I use Windows (desktop and laptop), and I take great caution in keeping it updated and protected from the network. It's a fair amount of work, that I doubt the average computer user could keep up with. In spite of that, during the most recent RPC worm, I have been scared that I have overlooked some patch and my machine is still vulnerable (as happened to many sysadmins with the SQLslammer worm).

I get much better sleep knowing that my most important machine runs Linux. Linux has certainly had it's security issues, but I personally feel the development model behind Linux, it's transparency to the general public, and it's track record inspire confidence that it is an operating system to be trusted. I know that having been a user of Linux for only a few years less than I've used Windows, I feel Linux merits my trust far more than Windows does.
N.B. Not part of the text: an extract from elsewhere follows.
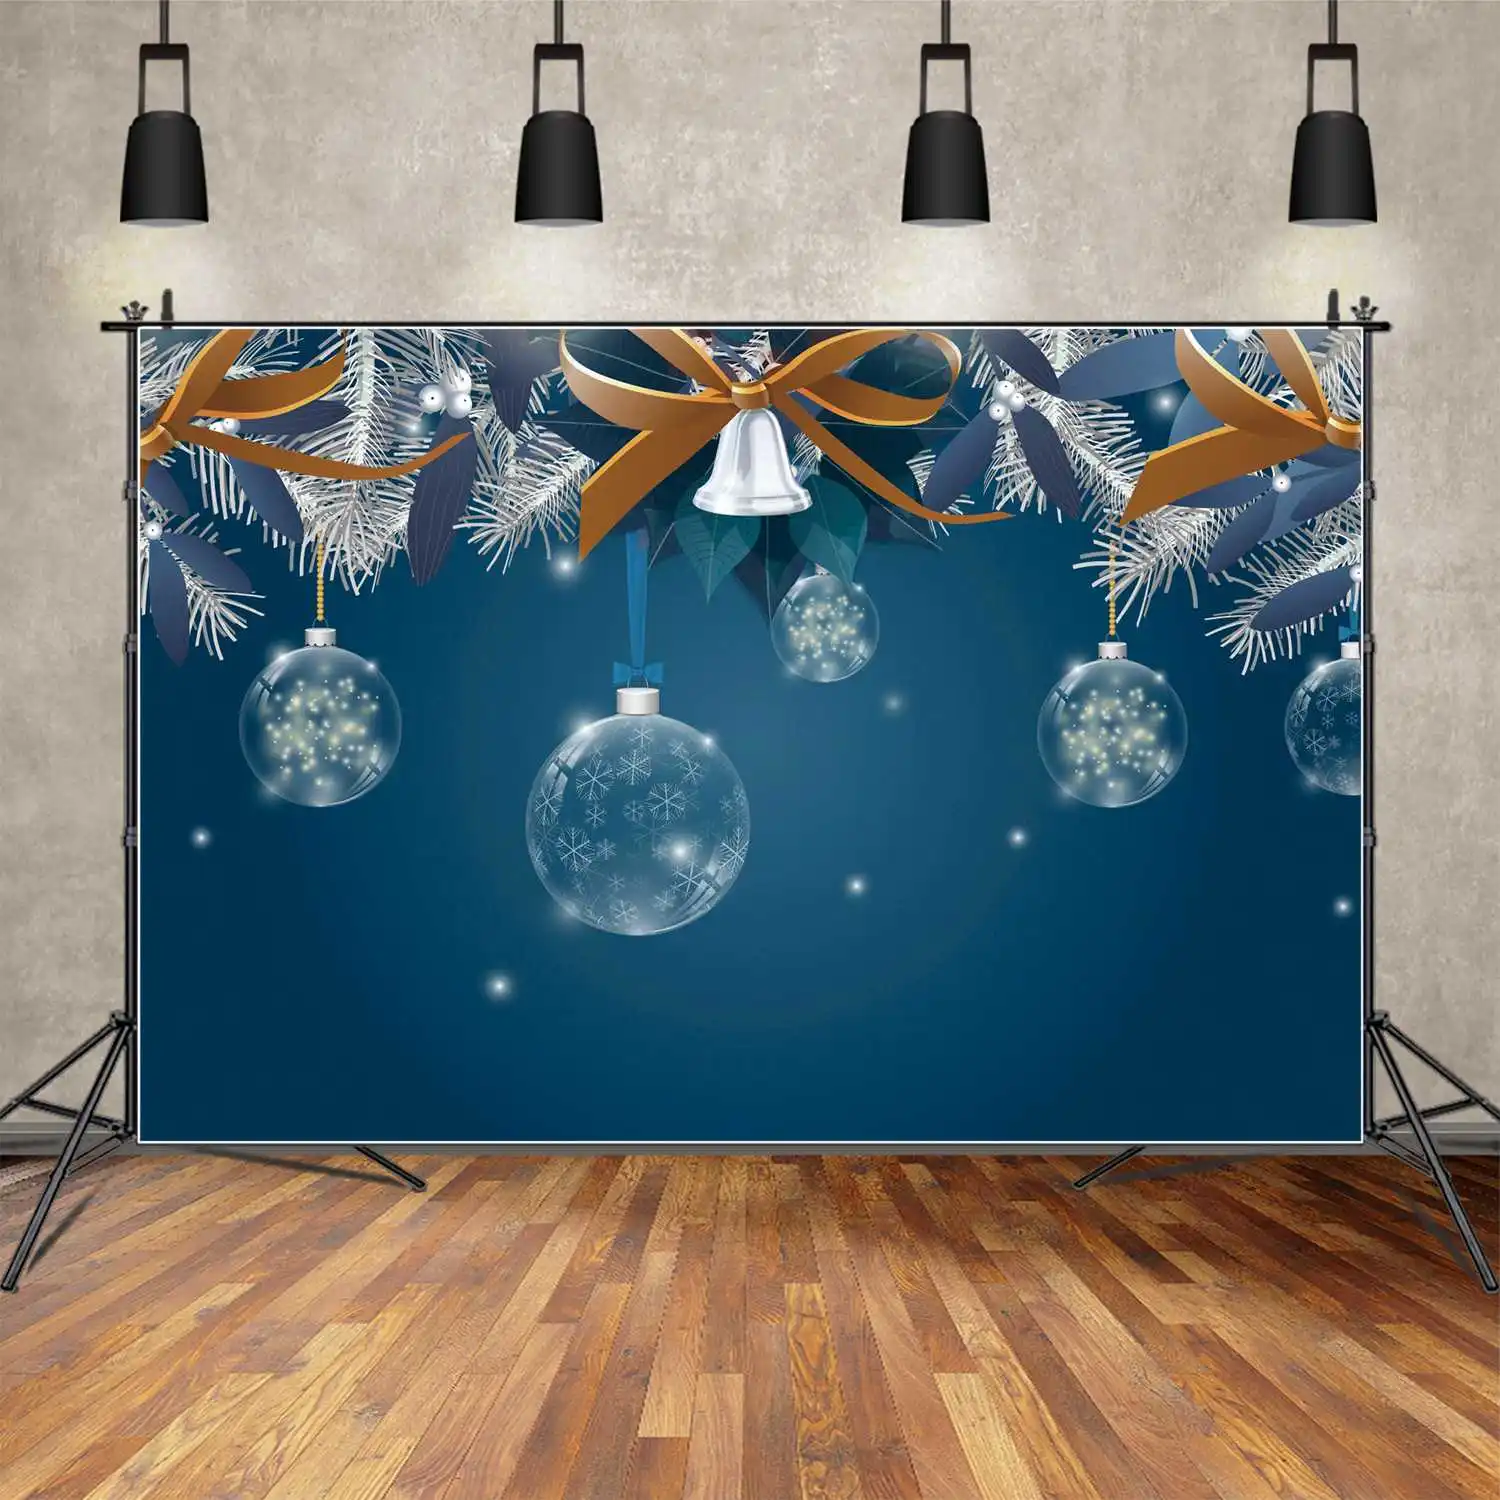 

MOON.QG Backdrop Merry Christmas Blue Snowflake Ball Banner Background Gold Bowknot Silver Leaves Decor Party Photo Booth Props

Maybe Linux and OSS are the counter-balance to Microsoft, giving users confidence enough to stay on the big, bad Internet.

Posted by pete at August 17, 2003 12:08 PM

Trackback Pings

TrackBack URL for this entry:

Comments

Patching Windows is "a fair amount of work"? Windows Update (the web page, not the little thing in the system tray) is about as easy as up2date. I have both XP and Redhat 9 on my desktop and get about the same number of patches for each system.
The reason people don't patch is that patching systems are built for programers. They ask a bunch of questions that only a programmer/sysadmin would know how to answer.

Posted by: Allen at August 19, 2003 09:35 AM

Post a comment




Remember Me?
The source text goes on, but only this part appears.